Mr HUGHES - I was under the impression that it was, and I am prepared to remedy the omission. The Conciliation and Arbitration Act provides that an association is any trade or other union or branch of any union, or any association or body composed of or representative of employers or employees, or for furthering or protecting the interests of employers or employees.


Mr Brennan - That definition is not included in the Bill.

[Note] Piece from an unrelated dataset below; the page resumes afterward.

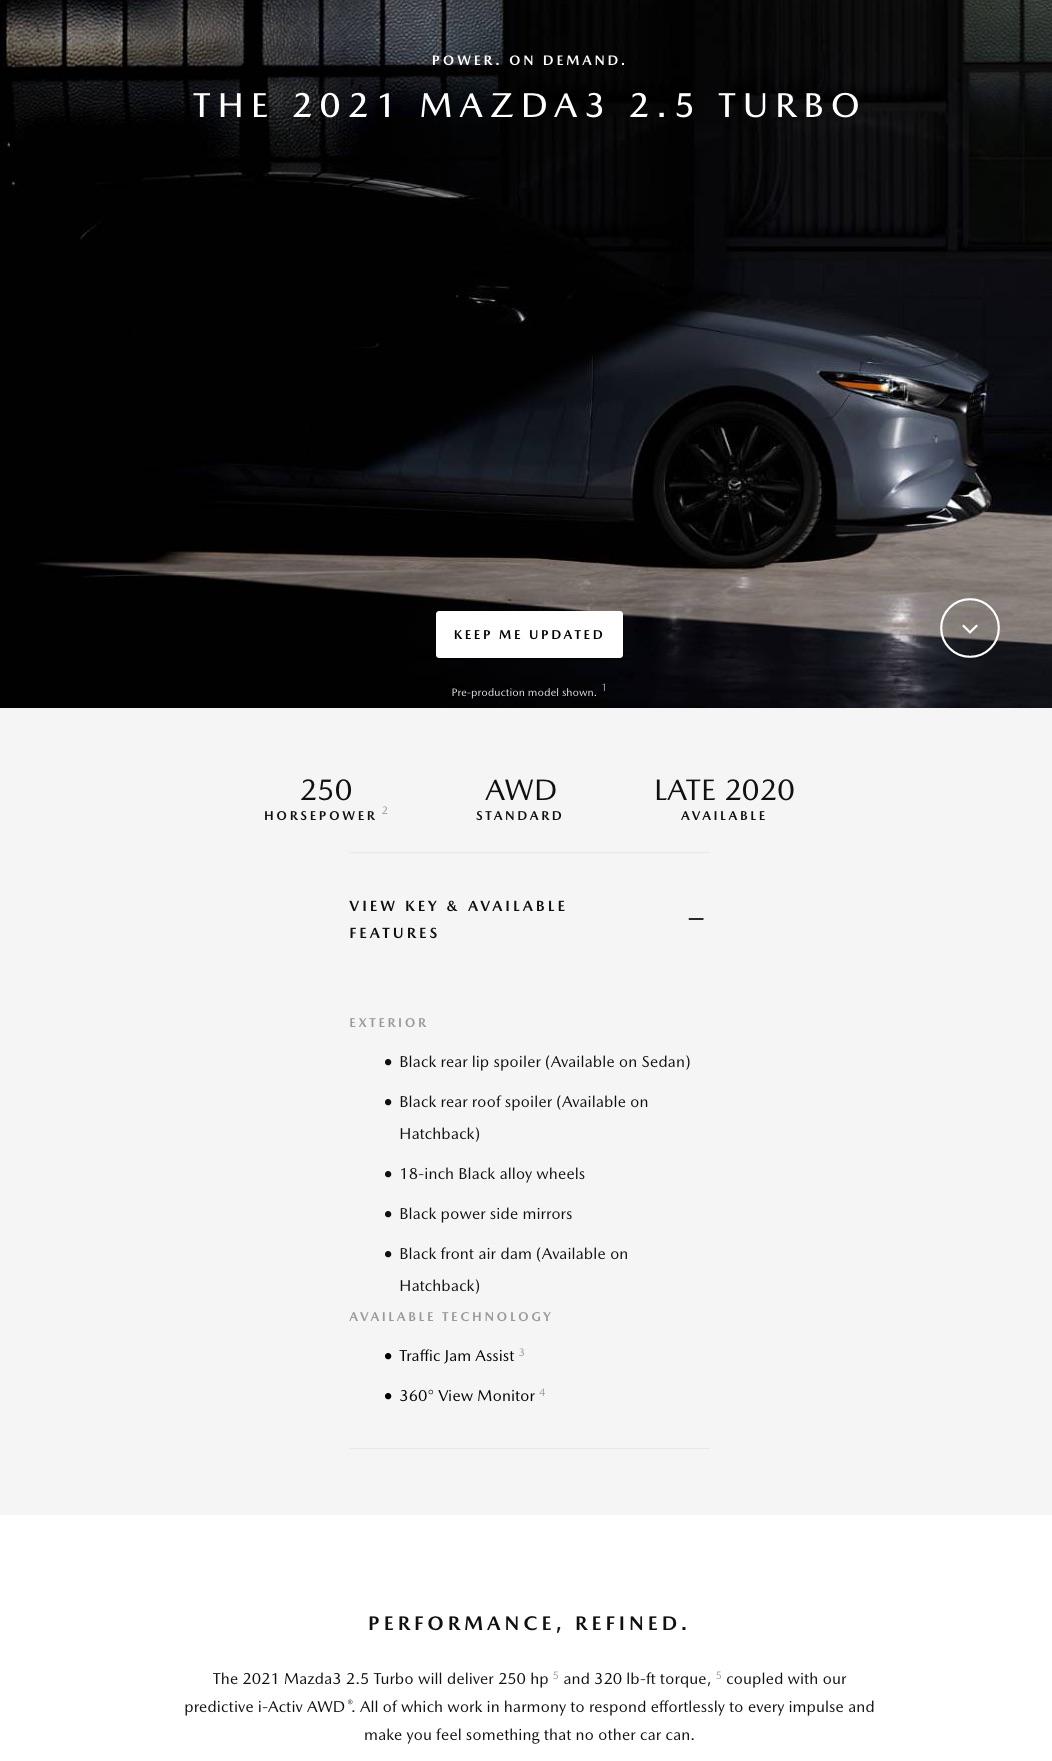 北米マツダも2021 Mazda3ターボモデルを発表

Mr HUGHES -I was under the impression thatthis definition had been included. I am quite willing to include all the definitions contained in the Conciliation and Arbitration Act. My desire is to widen this legislation as much as possible. The Leader of the Opposition (Mr. Tudor) may say that the Bill as it stands will not safeguard the unions; but the best answer I can give is to point to the fact that although this law has been on the statute-book for sixteen years, for all practical purposes there have been no associations registered that were not bond-fide unions in the ordinary acceptation of the term, with the exception of the bank officials, the Actors Federation, and the Australian Insurance Staffs Federation. I am sure my friends opposite will admit that that is not a very serious inroad on unionism, and I understand that the Actors Federation has since affiliated with a Trades Hall and been recognised by it. I am as anxious as honorable members are to see that unionism is recognized under this Bill. If labour was not organized there would be no disputes. It is because labour is organized that it can dispute ; and I hope that it will always be organized whether this Bill is passed or not. But no step has been taken to recognise labour more effectively than does this Bill, which gives it legal status ; and, speaking for myself only, if the experience of the operation of the measure shows that these labour bodies can be intrusted with any definite task, and their powers widened in order that they may carry it out, I shall be in favour of giving them all the authority necessary. As this Bill distinctly recognises unionism, and because for the first time it gives it legal status, and confers on it certain statutory duties and powers, I hope it will be carried.